_EXERCISE GOAL_
The copy must match the data word for word and contain no pictures.

_SUPPLIED INFORMATION_
■ ■ ■ ■
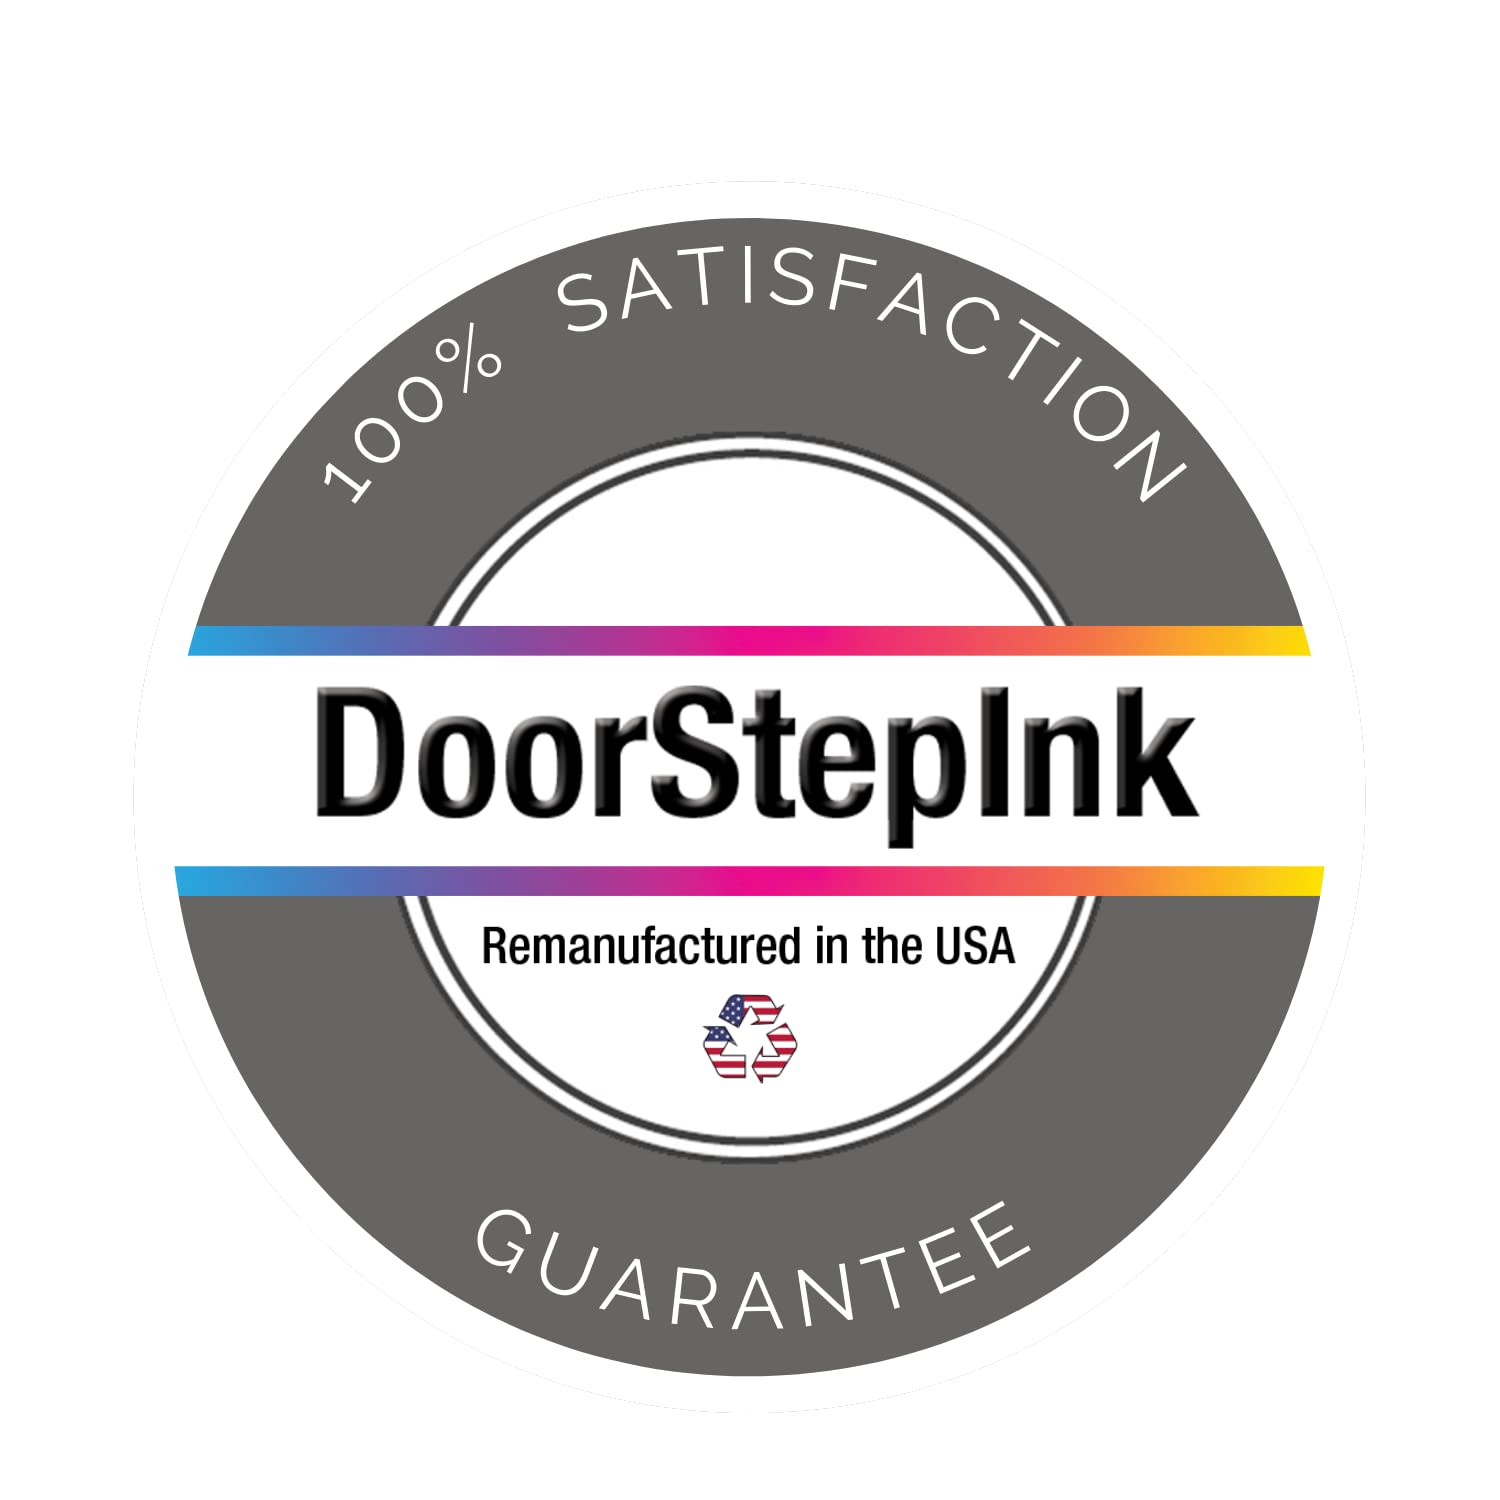 Door Step Ink
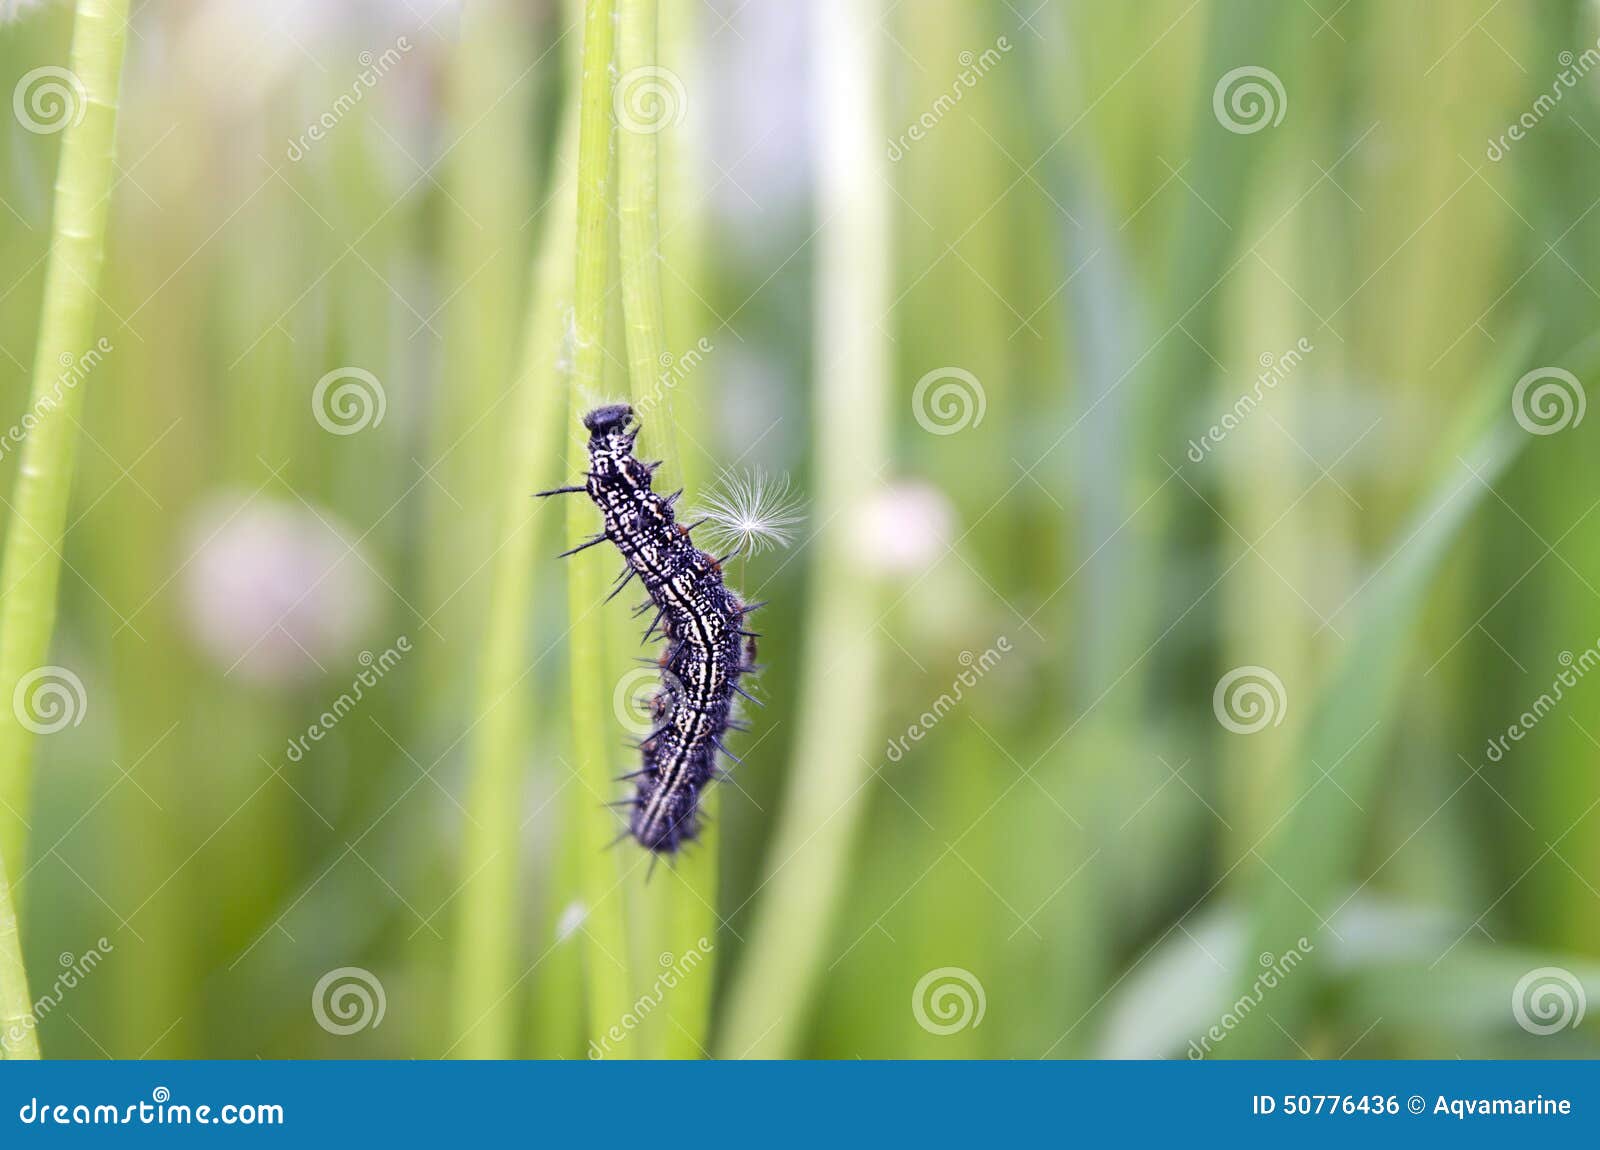 Червяк проползает мимо травинки за две минуты. Черная гусеница на траве. Чёрная гусеница с шипами. Black Caterpillar чёрная гусеница. Черная гусеница со звездами на спине.
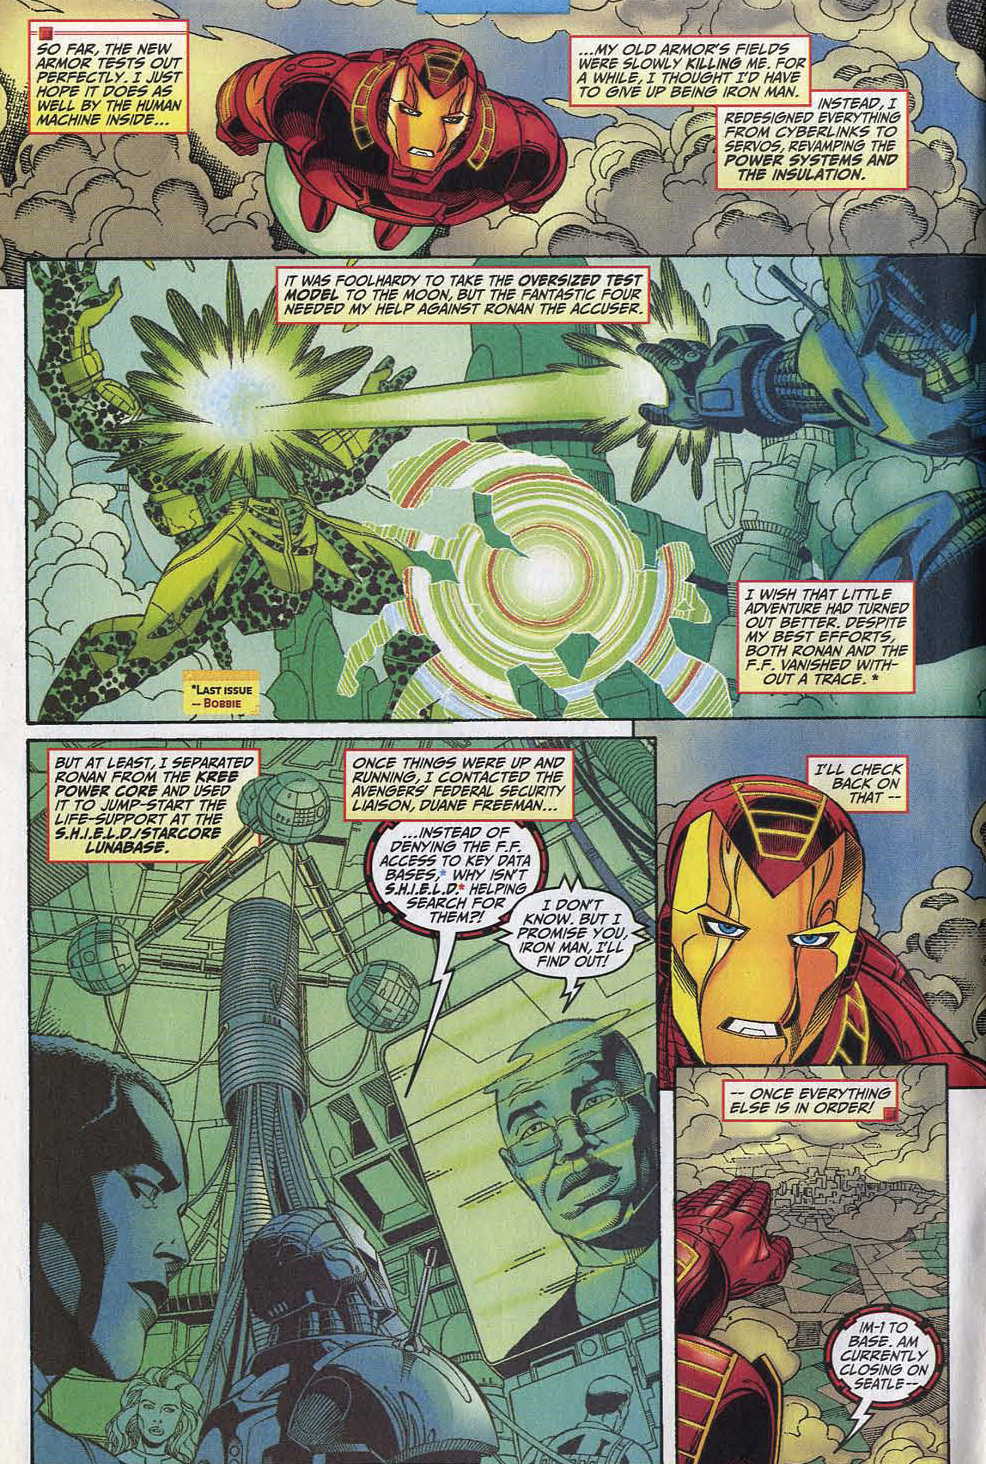 Iron Man (1998) 15 Page 4
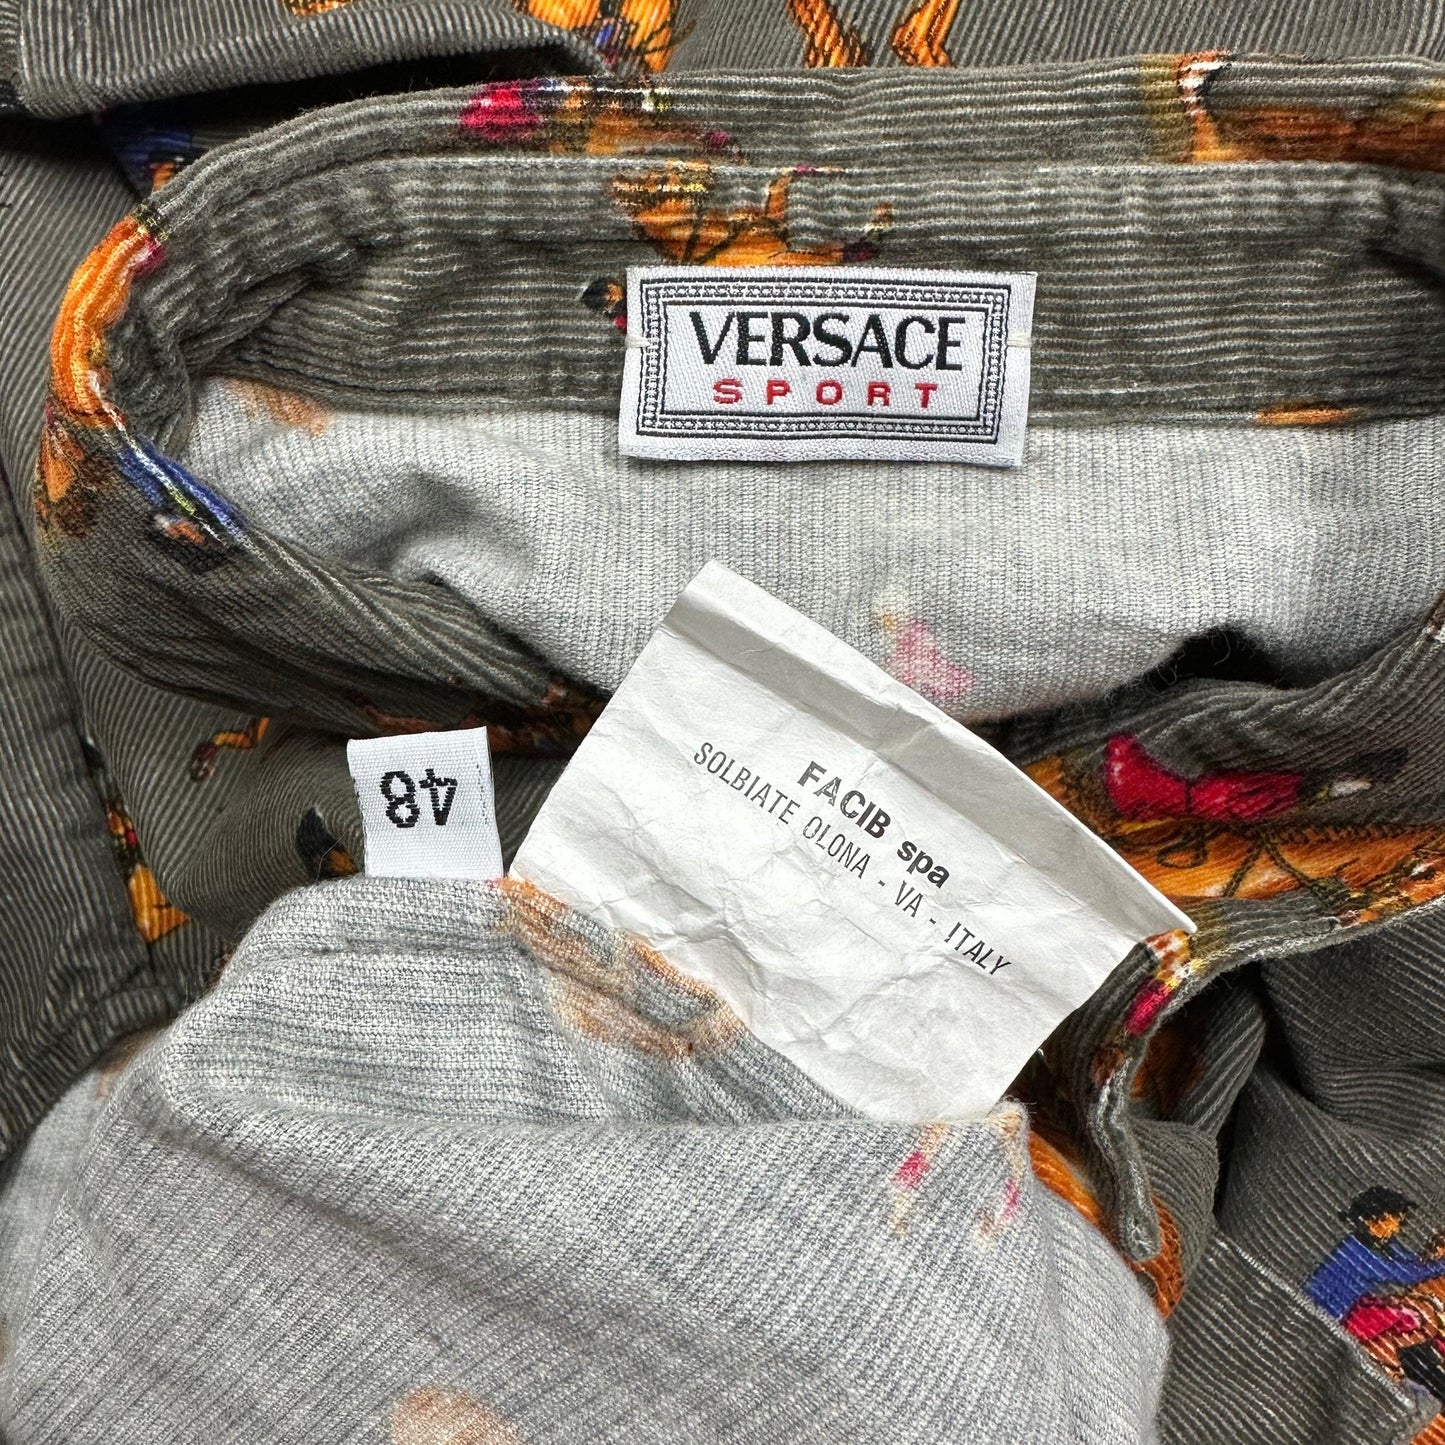 Versace Sport 90’s Corduroy Horses Double Pocket Shirt - L - Known Source
■ ■ ■ ■
_REPLY_
 Door Step Ink
 Червяк проползает мимо травинки за две минуты. Черная гусеница на траве. Чёрная гусеница с шипами. Black Caterpillar чёрная гусеница. Черная гусеница со звездами на спине.
 Iron Man (1998) 15 Page 4
 Versace Sport 90’s Corduroy Horses Double Pocket Shirt - L - Known Source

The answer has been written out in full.